Reddy is partnering with the Chicago Park District to manage storm water and wetland restoration. He’s working on landfill remediation with grants from the National Science Foundation. “The first thing in all my research is that I want to identify real world problems,” says Reddy, professor of civil and materials engineering.
He starts with a research hypothesis — the technical solution to the problem at hand. Soil is different from site to site, contaminants are different, the chemistry is different, he says.
“My goal is always to look at the site-specific conditions and tailor the technical solution accordingly. A company might sell you one thing for everything, but that doesn’t work in the remediation field. That’s why I work in many different technologies. And I believe in integrating the technologies — the situations are so complicated.”
Next, he formulates a laboratory research program. “I’m a big believer is working on the lab scale first. You don’t want to just go out to the field and spend millions of dollars and figure out that it doesn’t work,” he says. “For me and my students, the exciting part is taking it into the field and seeing if it works or fails.”
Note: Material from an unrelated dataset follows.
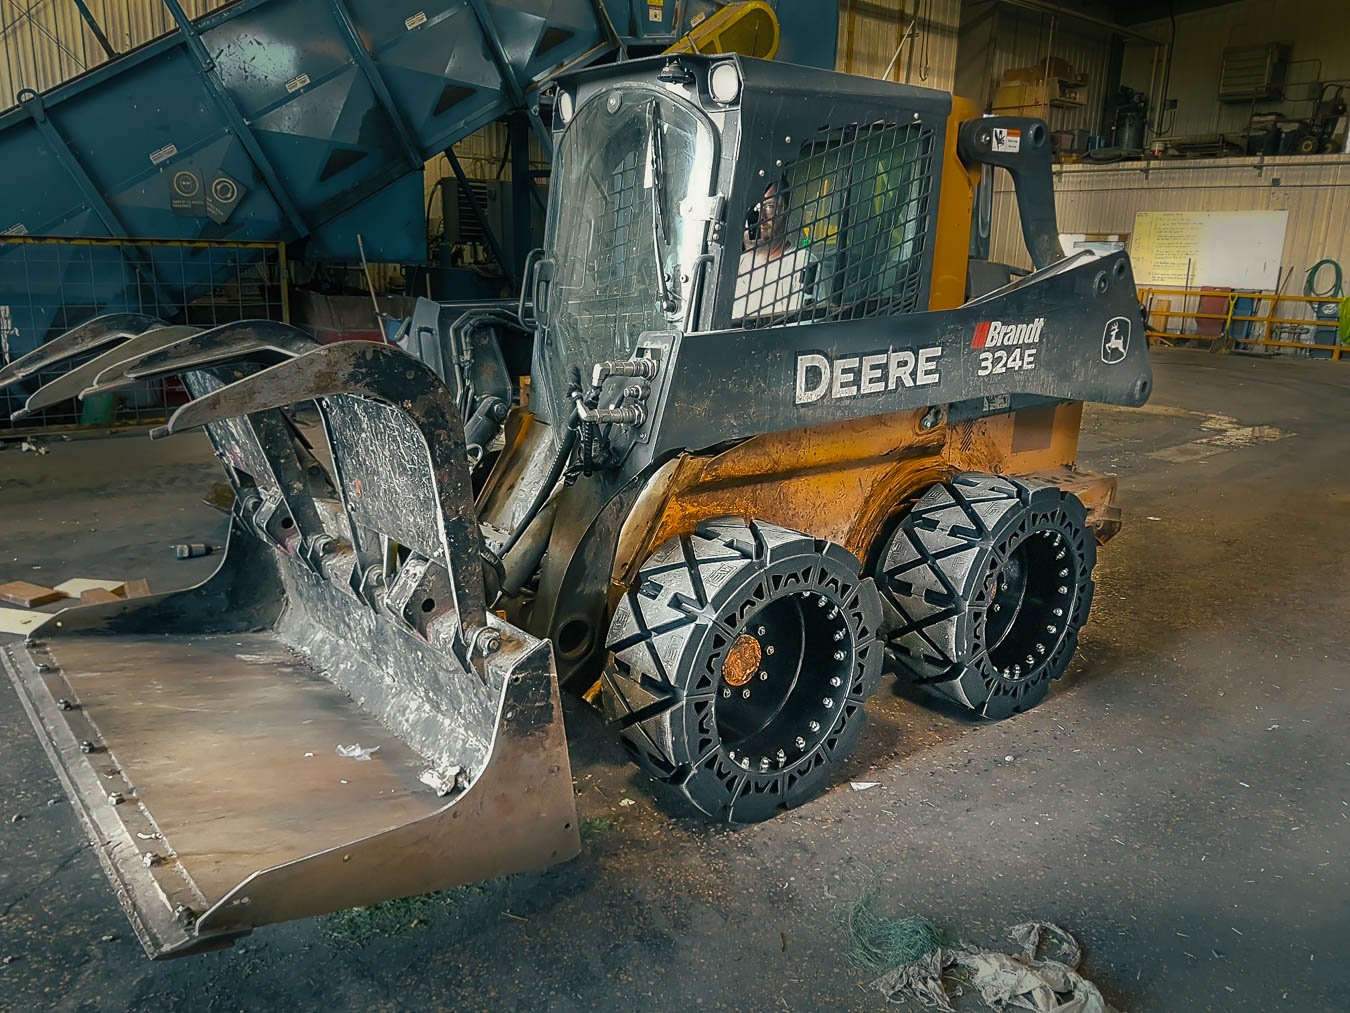 This image shows a DEERE 324E with our 12x16 5 Bobcat Tires

Reddy works mostly in the Chicago area. He needs sites that are easily accessible to collect data frequently and quickly. “With studies of storm water, for example, we have to go out as soon as it rains,” he says.
He collects data in all kinds of conditions, including extreme weather. There is little data on low temperature conditions, he says. “And a lot of things are temperature dependent.”
Reddy clearly enjoys the challenges of his profession — the soil and foundation at each site brings a new problem to solve. “A lot of people in the field when I began were chemists or chemical engineers who were only dealing with water and couldn’t understand the soil,” he says. “But I have come to see that a technical solution is not enough; we have to have sustainability.”
It’s also important to acknowledge the economic impact, he says. “Often engineers don’t involve the communities, making decisions that the community may not want,” Reddy says. “It’s important to bring them on board, to educate them.”